The basis of the current source is a shunt precision-micropower-voltage-reference, IC3, producing a reference voltage of 1.233V with an initial accuracy of 0.2%. A Texas Instruments (www.ti.com) LM4041, through precision resistors R1 and R2, biases the Darlington-coupled transistors Q1 and Q2 with a reference current IO=VREF/(R1+R2)=100 µA. The Darlington configuration ensures that base current is negligible and that the output collector current can achieve a worst-case accuracy of 0.3%. You can use any small-signal transistor, but, for best accuracy, use high-gain, low-level, low-noise BJTs, (bipolar-junction transistors) such as a 2N5087 or a BC557C.
IC1A is a one-shot circuit (Reference 1).

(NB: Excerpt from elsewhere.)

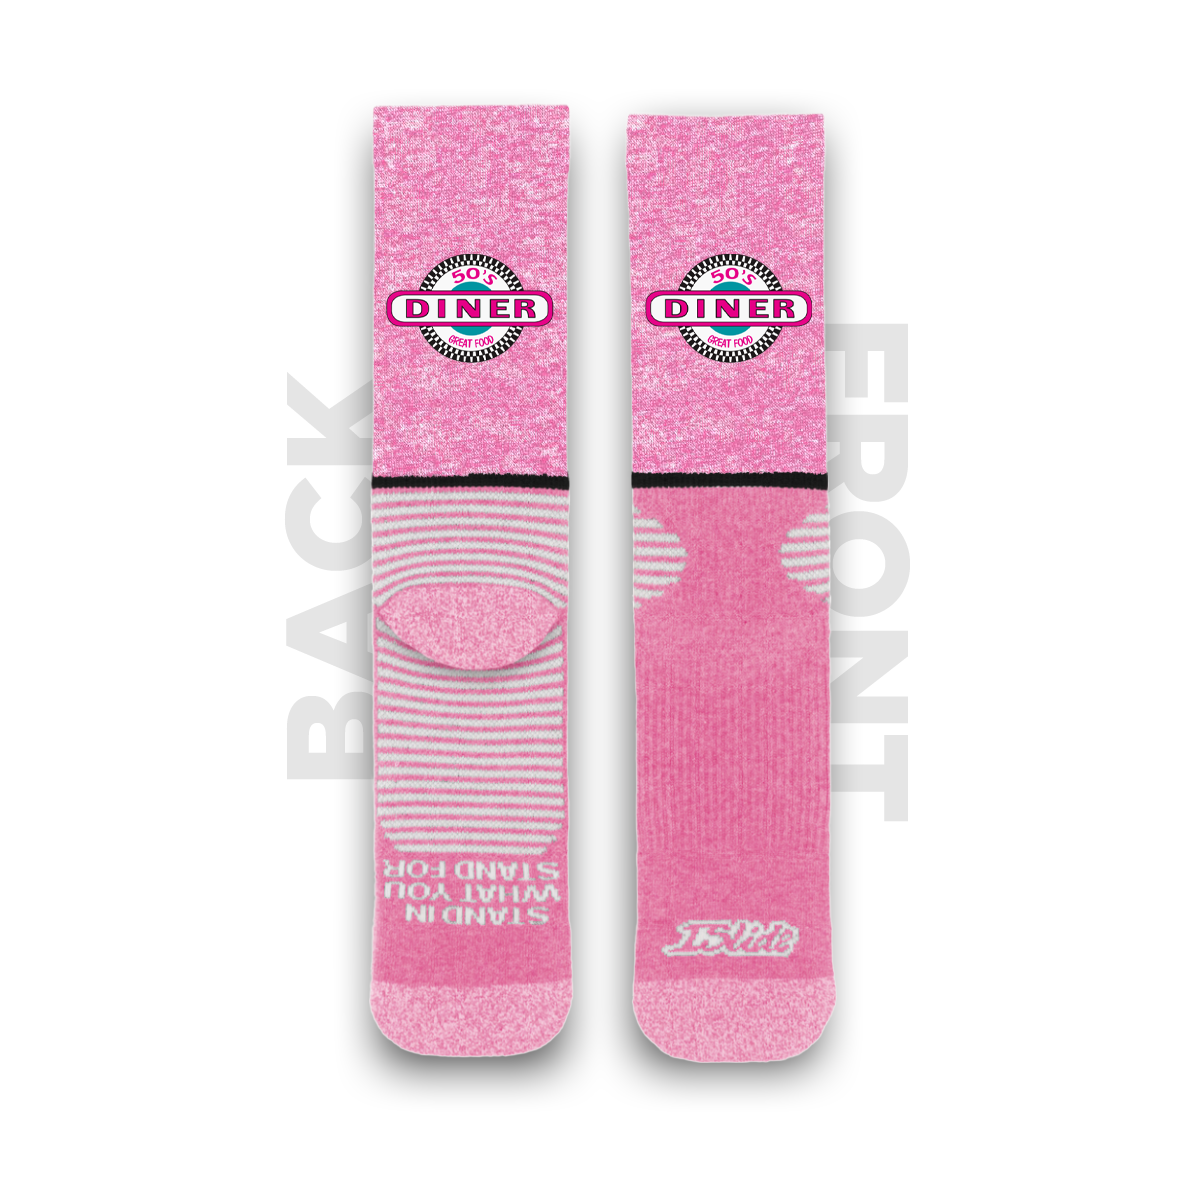 50s Diner Pink Socks

The output pulse’s width, TW, is R4C2×ln(VDD/VTH), where VTH is the threshold voltage of the digital CMOS. Because VTH≈VDD/2, then TW≈R4C2×0.69. Diode D1 reduces recovery time. After power-up, Q3 is in saturation, absorbing the current source’s output, and, as soon as an input pulse triggers the circuit, IC1B’s Q output goes low, switching off Q3, starting a ramp. When the ramp exceeds the control voltage, then the IC2A comparator’s output goes high, and the rising edge triggers one-shot IC1A and switches on Q3 through IC1B, allowing the discharge of the capacitor C1. When an input pulse triggers the circuit, any other trigger pulse that occurs before the falling edge of the delayed output pulse does not produce an output pulse; in other words, the circuit is not retriggerable. This feature permits you, at the same time, to divide and delay an input-trigger clock.
Although IC1 and IC2 can operate from a 3 to 16V supply, the minimum supply voltage of the circuit is 5V; otherwise, Q1 and Q2 approach saturation, generating to a less linear ramp voltage. Voltage comparator IC2A, an STMicroelectronics (www.st.com) TS3702, has an input-common-mode-voltage range that includes ground, permitting you to monitor input voltages as low as 0V.
However, for correct operation of the circuit, the minimum control voltage must be greater than the saturation voltage of Q3. For the components in Figure 1, the measured value is 12 mV. If you want to reduce this voltage, you can use a digital N-channel MOSFET with low on-resistance. The optional input lowpass filter, comprising R6 and C4, helps to clean noise from the dc-control voltage. If a DAC drives the control input, you can build a digitally programmable delay generator. A suitable low-cost, 8-bit DAC is the AD558 from Analog Devices (www.analog.com), which features an internal precision bandgap reference to provide an output voltage of 0 to 2.56V, making 1 LSB equal to 1 µsec. It operates from 5 to 16V, with a 1-µsec settling time. The circuit’s quiescent current, IDD, is less than 300 µA because all ICs are micropower.